Well, hey folks, I’m back. (I haven’t really gone anywhere, just sitting back and seeing how the Obama era begins to unfold.) It comes as no surprise to readers of this blog that my expectations are not high, but under the circumstances it’s hard not to hope for the best. Yet, alas, signs are not particularly good.

Imagine, if you will the Friday, NYTimes op-ed page, bookended by Paul Krugman’s and David Brooks’s biweekly columns, as an image of Obama staring up at you from your morning breakfast table.

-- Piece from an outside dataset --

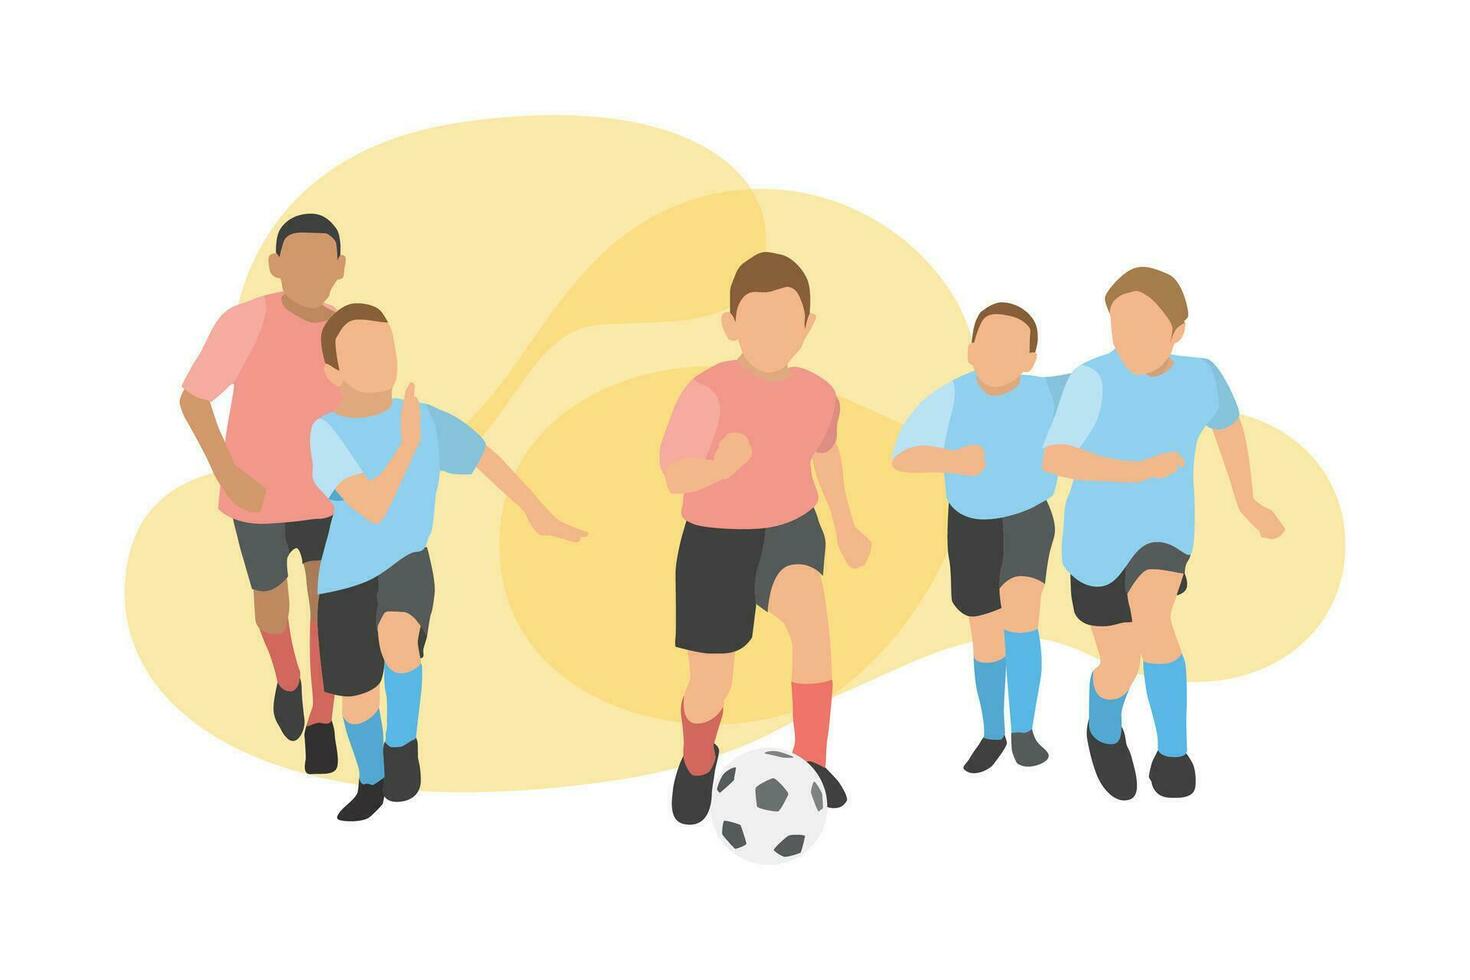 Soccer Players of Kids. Vector illustration

In one huge ear a doughy, bespectacled avatar of Brooks whines in an inimitable smarmy voice, "embrace 'a functioning center,'" while in the other, an exasperated Krugman risks tumbling into the massive auricular cavity as he shouts, "Go left young man, your 'attempts to transcend partisanship [have only ] ended up empowering politicians who take their marching orders from Rush Limbaugh.'”

True to form, however, Our Boy Barack, rather than recognizing he has to make a choice is trying to follow the advice of both angel and demon, which in effect means he’ll be listening to Brooks, which also means that he’s trying to save a party that has no justification for continuing to exist as a major force on the American political scene.

Why are there any tax cuts in the proposed stimulus package? Do Republicans really believe that tax cuts will turn the economy around? Well, since some folks believe that Elvis is still alive, perhaps. But whether or not they believe in the efficacy of tax cuts, what they know is that absent a commitment to tax cuts, the Republican party doesn’t exist. That’s why, as Krugman reports in his blog:
Thirty-six out of 41 Republican Senators voted for the proposed DeMint amendment to the stimulus bill — a massive package of permanent tax cuts that would create a huge hole in the budget, while doing very little to help the economy.
Republicans know that if a stimulus plan goes forward without any tax cuts and the economy begins to turn around, the empirical basis for their existence will have simply disappeared. By contrast, a stimulus plan with some tax cuts will allow them to attribute any subsequent success to the presence of tax cuts, whether or not the tax cuts contributed to the turnaround.

So, now is the time to drive a stake through the heart of the political vampire that’s been sucking this country dry ever since Grover Norquist crawled out from some cave during the reign of Reagan with his “Tax-Payer Protection Pledge.”

Obama has the stake in his hand but doesn’t seem inclined to use it.